Dataset extract: Begin
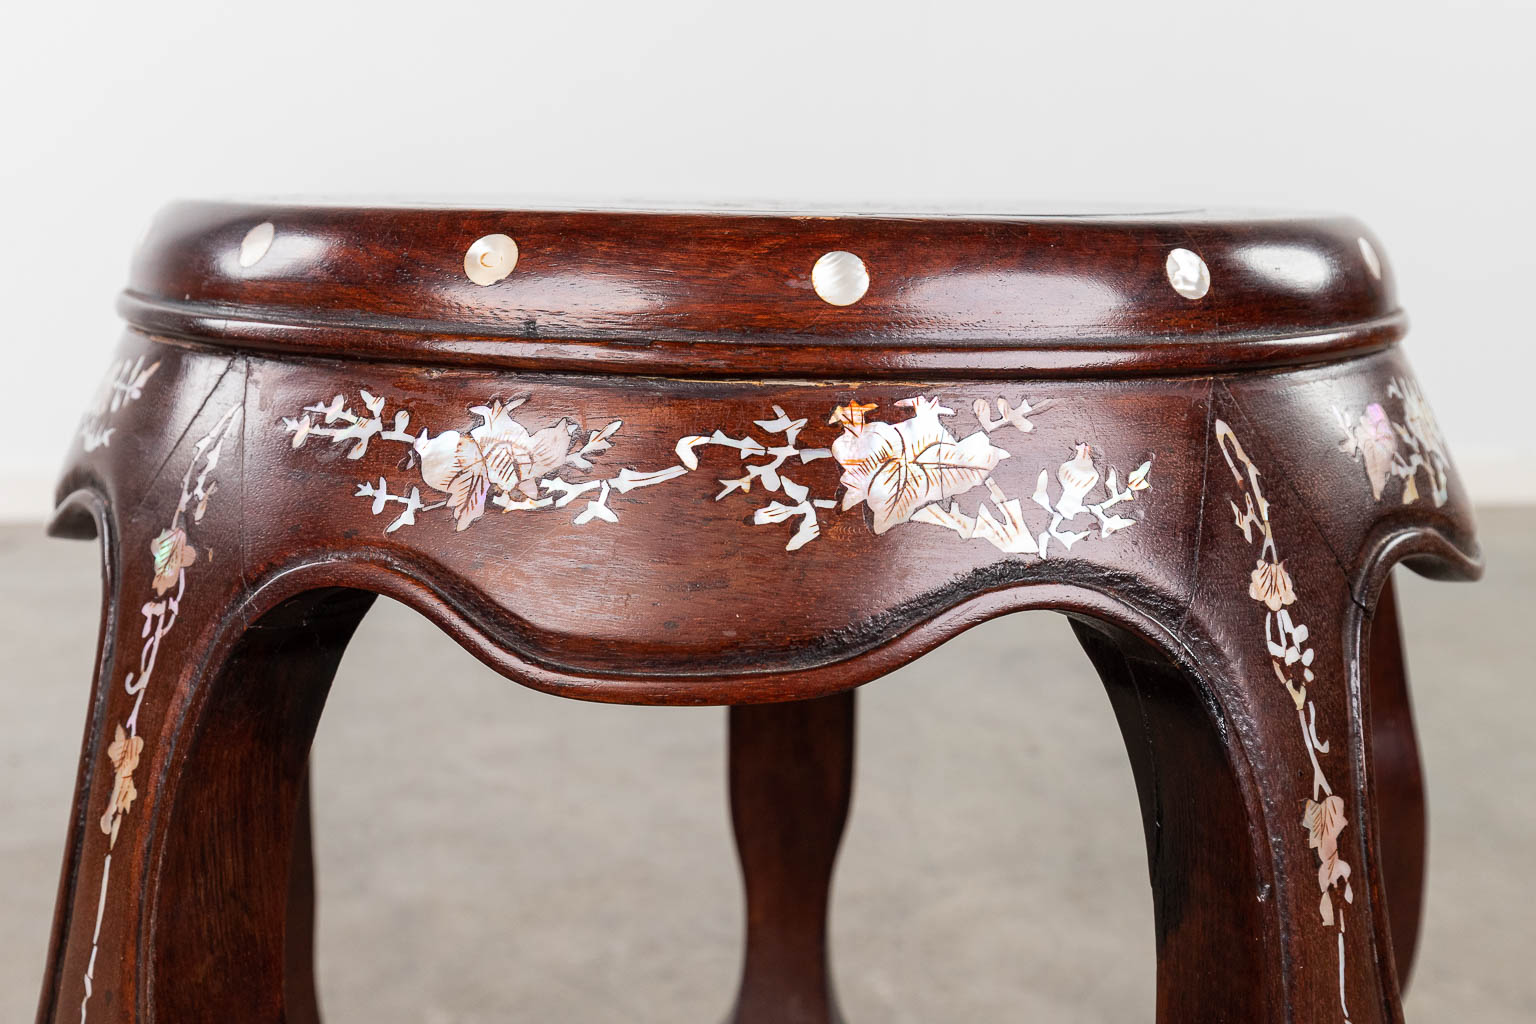 A Chinese hardwood stand, inlaid with mother of pearl. (H: 46 x D: 40 cm)
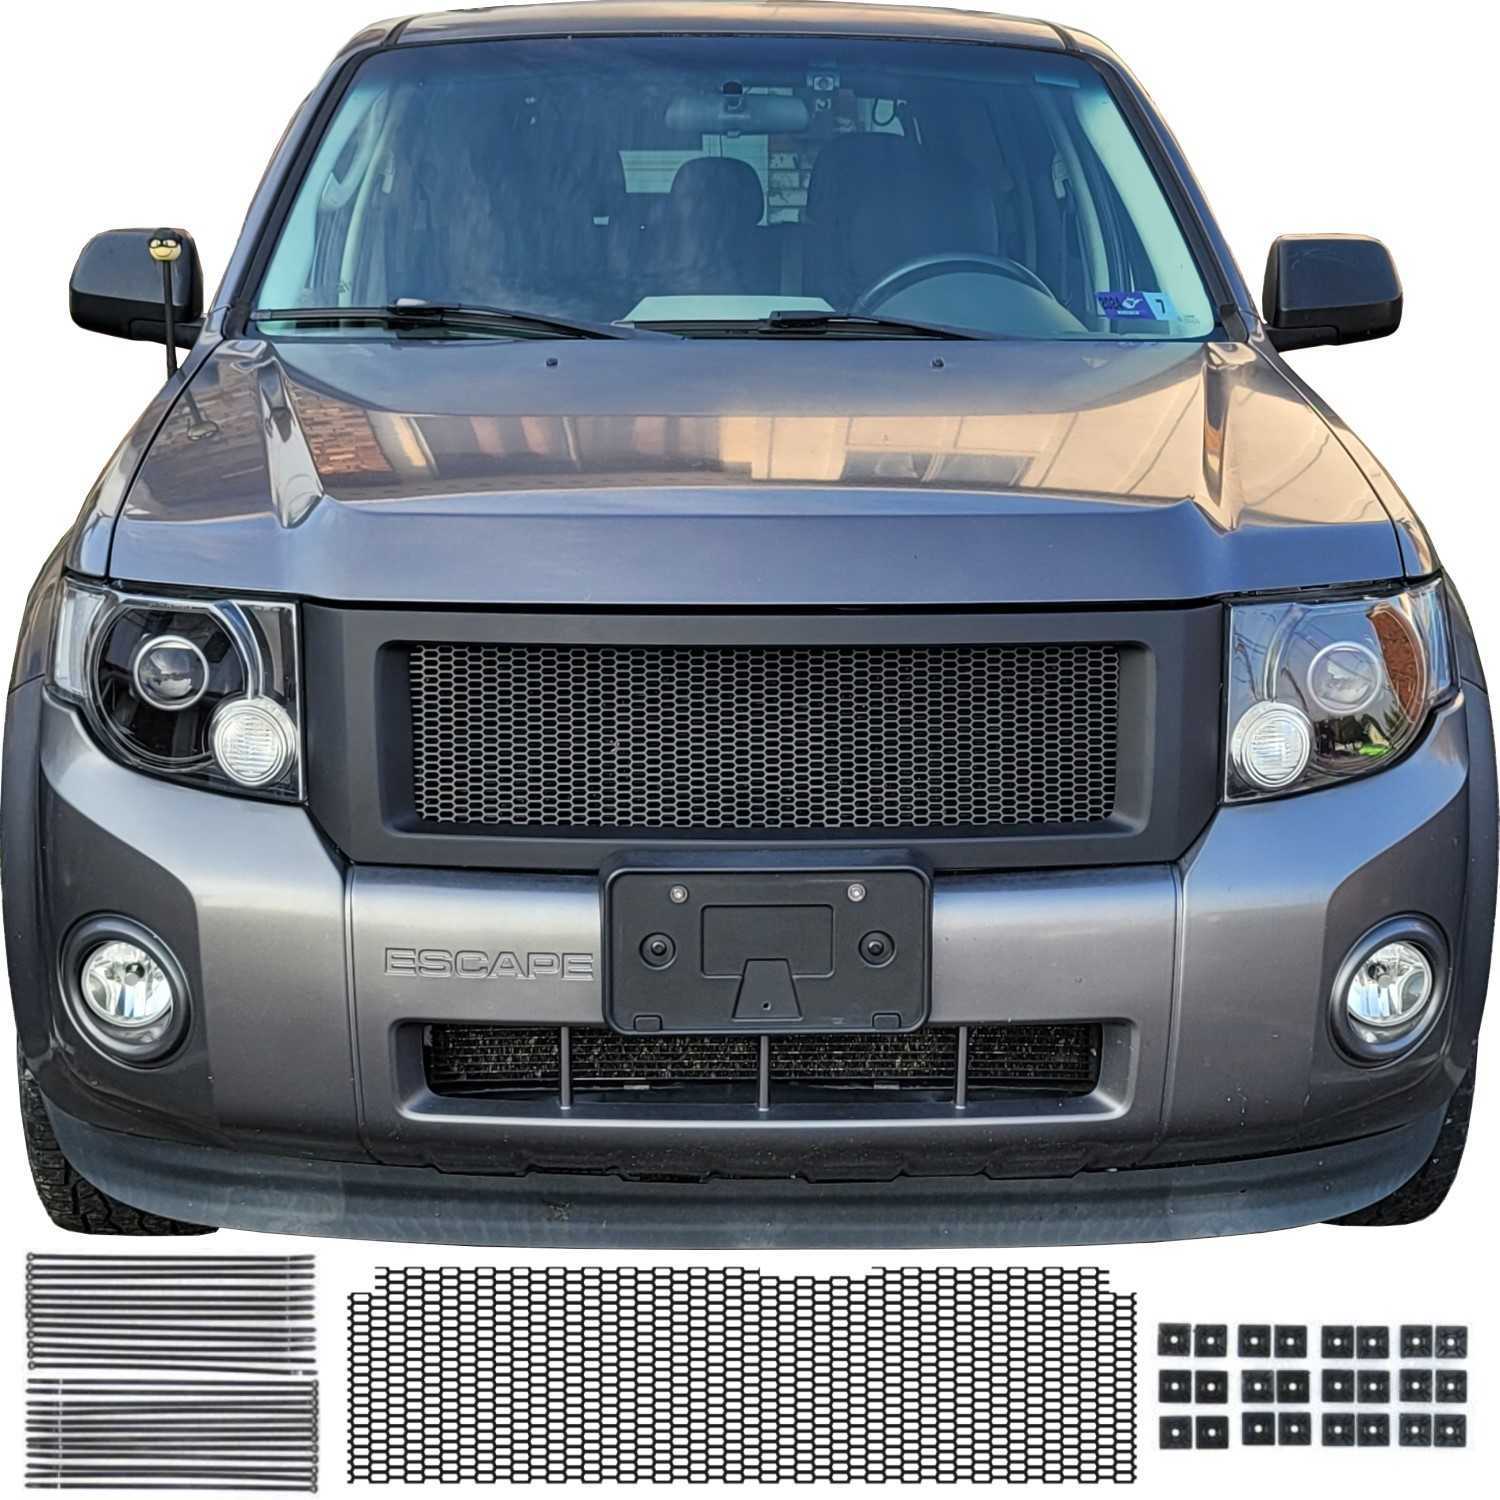 2008 - 2012 Ford Escape Mesh Grill Kit
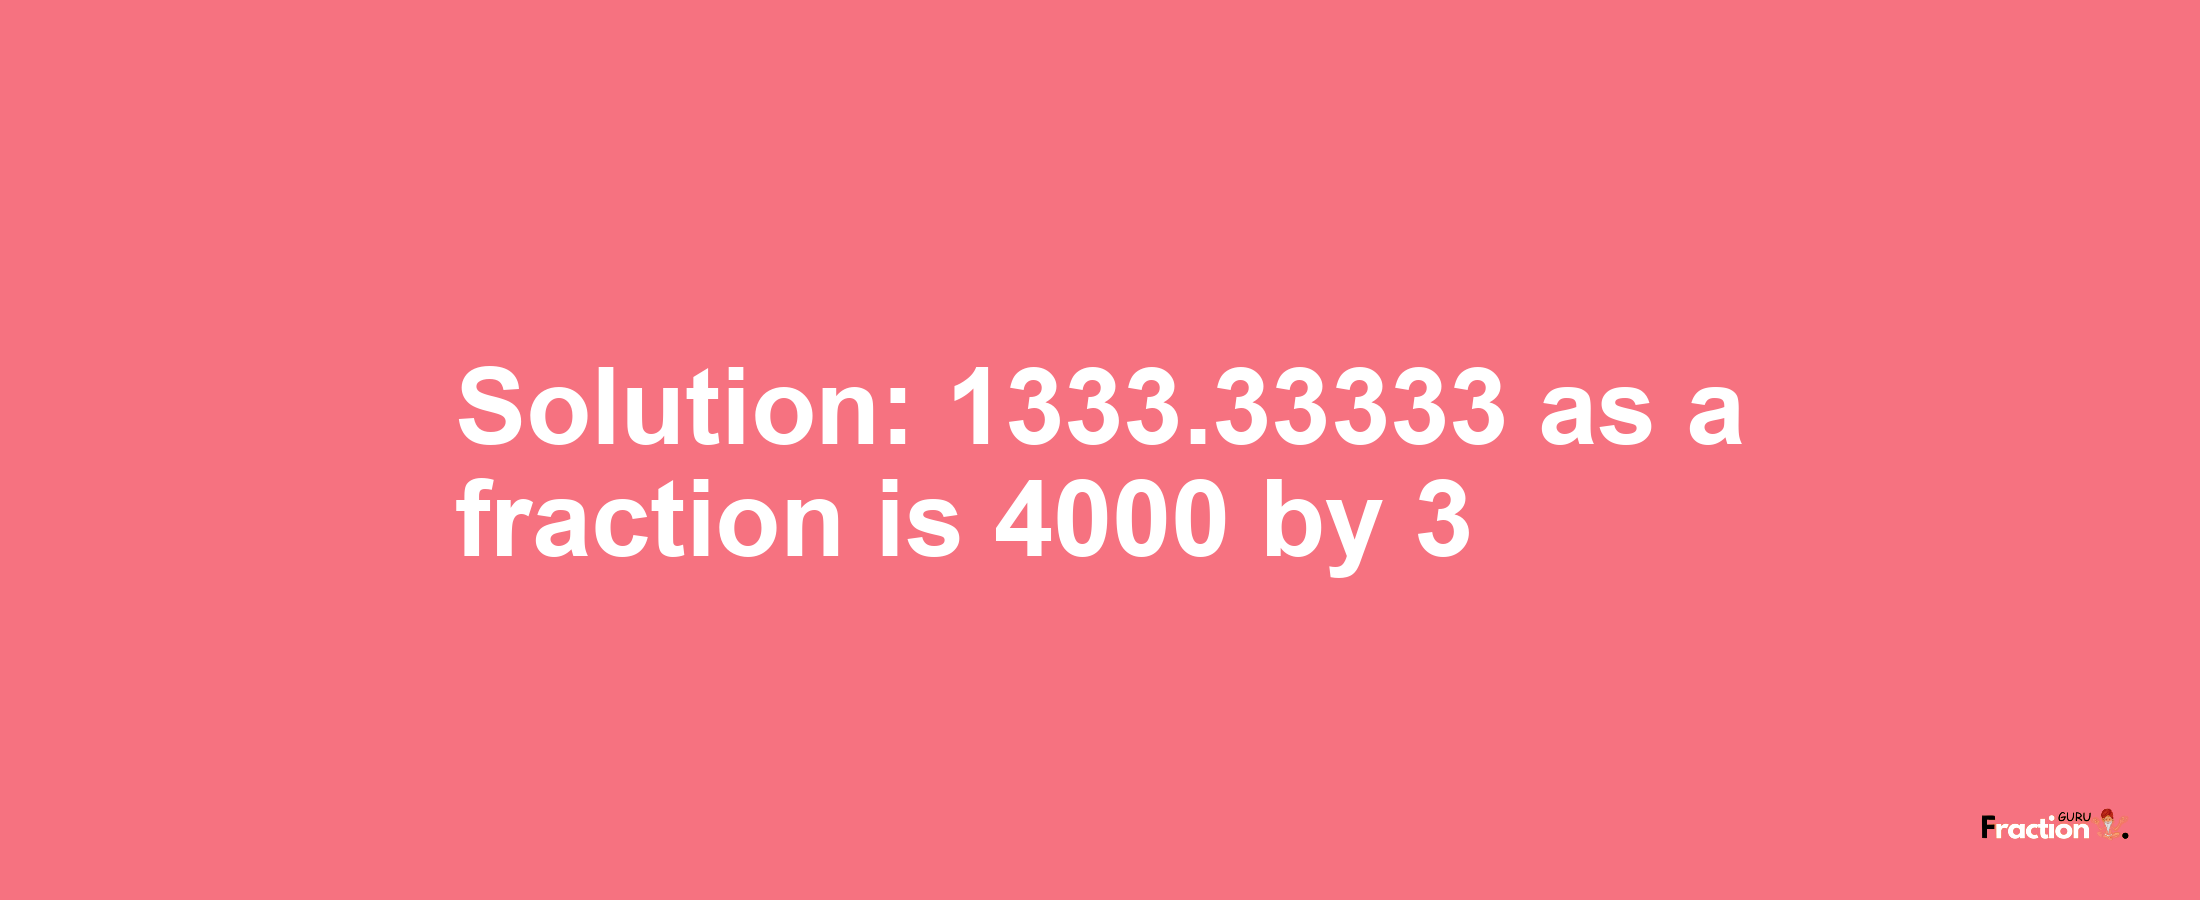 Solution:1333.33333 as a fraction is 4000/3
Dataset extract: End
Exactly as given, transcribe every line of the data, but not its images.

- [Task solution]:
 A Chinese hardwood stand, inlaid with mother of pearl. (H: 46 x D: 40 cm)
 2008 - 2012 Ford Escape Mesh Grill Kit
 Solution:1333.33333 as a fraction is 4000/3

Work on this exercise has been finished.